Como adaptar as instituições aos novos cenários de aprendizagem

Aulas mais dinâmicas e ambientes mais interativos tornaram-se indispensáveis no ensino do século 21


postado em 15/01/2020 13:45 / atualizado em 04/02/2020 18:27

Com a inserção da tecnologia houve uma descentralização do acesso aos conteúdos.(foto: Pixabay)
Com a inserção da tecnologia houve uma descentralização do acesso aos conteúdos. (foto: Pixabay)

 
Texto: Maria Júlia Spada
Entrevista: Camila de Magalhães 
 
Se antes uma sala de aula era limitada aos livros e ao quadro negro, hoje é bem diferente. Alunos e professores convivem diariamente com as inovações tecnológicas e sociais dentro do ambiente escolar. São smartphones com internet ilimitada, conteúdos e informações de fácil acesso e inovações no ensino. Segundo os dados do Censo Escolar 2018, 95% das escolas já têm acesso à internet no Brasil. Neste cenário, é essencial que as instituições acompanhem os novos modelos de aprendizagem para não serem deixadas para trás.
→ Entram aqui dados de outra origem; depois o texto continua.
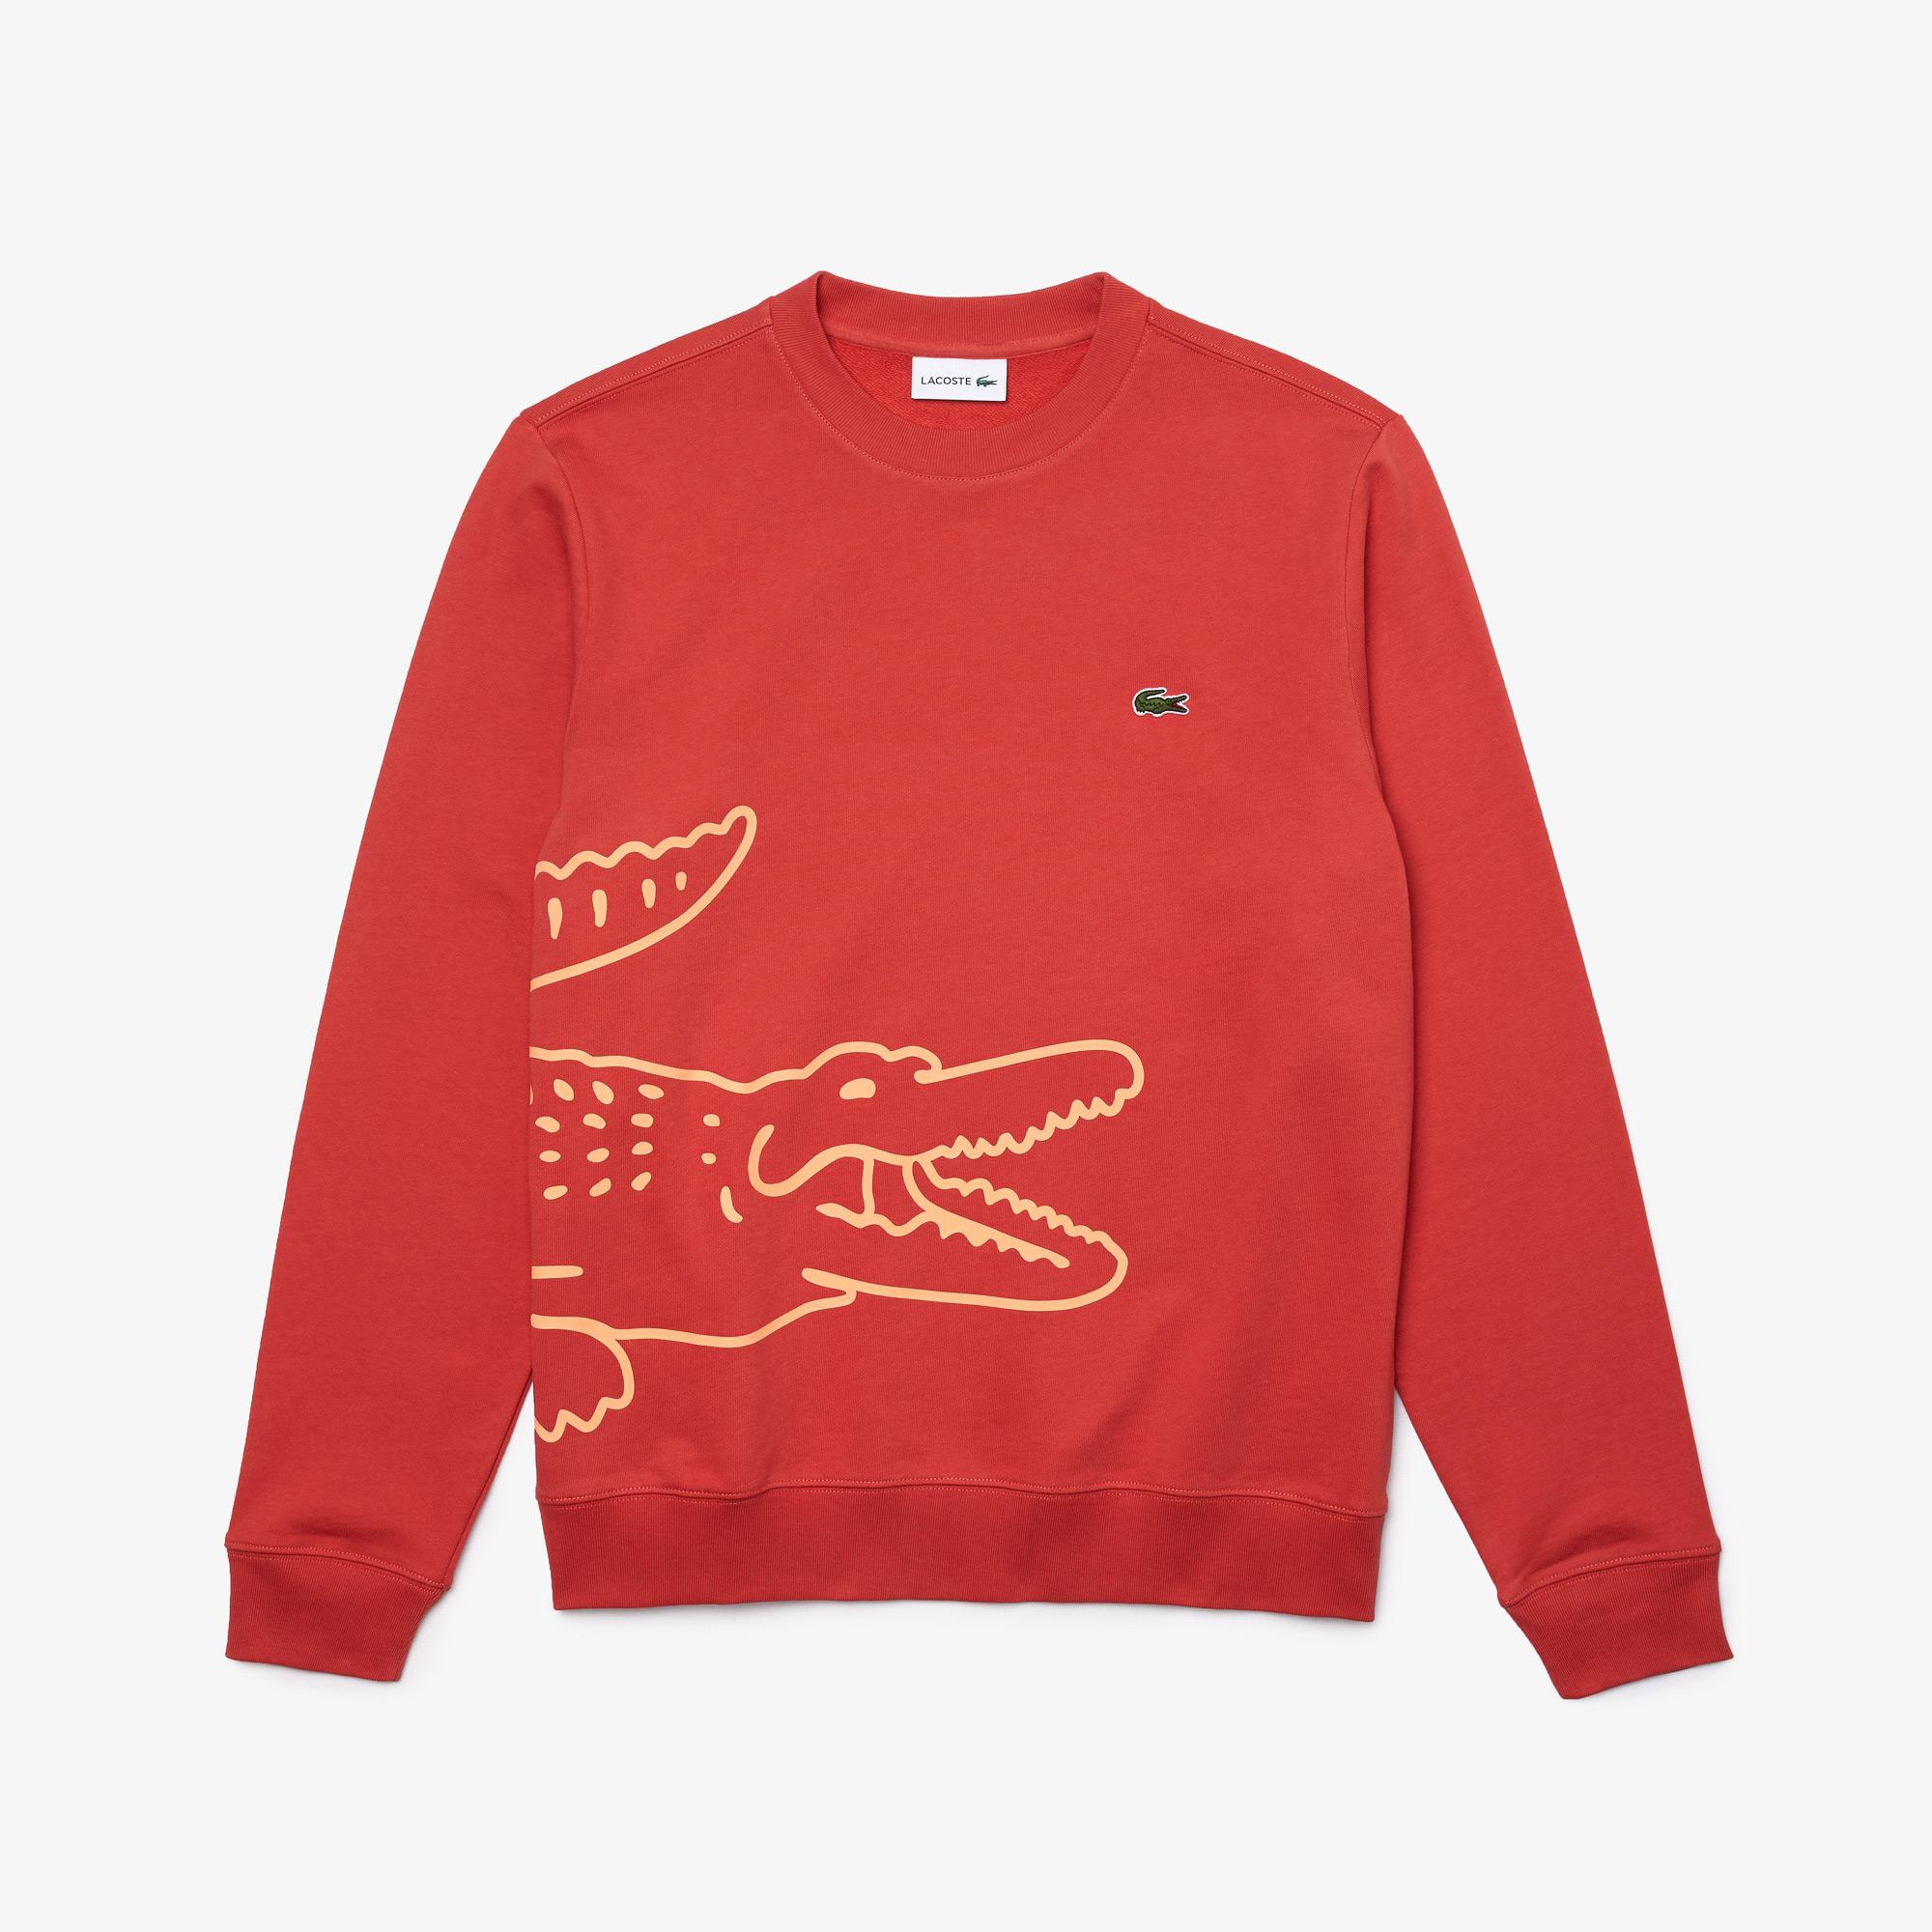 Lacoste Men's Crocodile Print Organic Cotton Fleece Sweatshirt

Esses novos cenários do ensino exigem aulas mais dinâmicas e com participação ativa dos alunos no contexto do aprendizado. O professor Rodolfo Bertolini, responsável pelo Centro Universitário Celso Lisboa, considerado um ótimo modelo em inovação do Ensino Superior, explica que o desafio é “descomoditizar” a educação e ir em busca de novas estratégias no ensino. “O importante é criar um trabalho mais colaborativo e mais horizontal dentro da sala de aula, onde alunos e estudantes possam se expressar”.
 
Com a inserção da tecnologia houve uma descentralização do acesso aos conteúdos. Se antes, o professor era o principal meio de informação e de ensinamento, hoje os alunos conseguem encontrar esses elementos ao alcance das mãos, por meio de pesquisas na internet. Mas engana-se quem pensa que o professor perdeu importância em sala de aula por conta dessas inovações. Agora, o desafio de professores e estudantes é entrar em sintonia para mudar as formas de interação no ambiente escolar.
 
“A relação do aluno e do professor deve ser de aprendizagem e não apenas de conteúdo. Estamos acostumados com essa metodologia conteudista, em que no final os alunos são apenas avaliados com uma prova. Isso não é justo nem efetivo”, explica o professor.
 
Para ele, a solução é basear os novos ensinos em estímulos para que os alunos tenham sede para desenvolver-se sozinhos e na prática. “Isso faz com que os ambientes de ensino se tornem muito mais atrativos. Por isso, é
importante incorporar dentro das aulas as tecnologias e inovações”, ressalta.
 
Outro ponto enfatizado pelo professor é a necessidade de adaptar até mesmo os formatos das salas de aulas, criar mesas em que os alunos possam trabalhar em grupo e não apenas sentar-se de costas um para outro. Isso facilita o desenvolvimento de projetos e faz a diferença até mesmo na hora em que estudantes entram no mercado de trabalho, pois tornam-se profissionais
mais capacitados a trabalhar em grupos.
 
 

Conheça algumas tendências tecnológicas na educação que prometem
auxiliar nas mudanças dos cenários de aprendizagem:
 
Mobile learning
Essa tendência incorpora as tecnologias como smartphones e tablets ao ensino e proporciona um novo ambiente aos alunos e professores. Diferente da mentalidade de alguns anos atrás, esses aparelhos não precisam ser mais utilizados apenas em lazer, mas sim, como ferramentas de aprendizagem, principalmente na educação à distância. Além de facilitar o ensino, o uso das tecnologias também tem o poder de engajar mais os alunos, pois os coloca em contato com conhecidos recursos de mídias e textos.

 
Aprendizagem adaptativa
Na aprendizagem adaptativa, o conteúdo pode ser personalizado por meio da
análise do comportamento do estudante, ou seja, nessa tendência, o aluno é
colocado em evidencia no ensino. O conteúdo didático é exibido e adaptado
baseado em exercícios e tarefas dos estudantes.

 
Ensino híbrido
O ensinamento hibrido é a junção do aprendizado online e offline. Essa ferramenta alterna os momentos em que o aluno estuda em grupo presencialmente, com os momentos em que o estudante estuda sozinho em
um ambiente virtual. O objetivo do ensino hibrido é tornar as duas formas de educação complementares, além de fornecer um ensino mais divertido e
eficiente.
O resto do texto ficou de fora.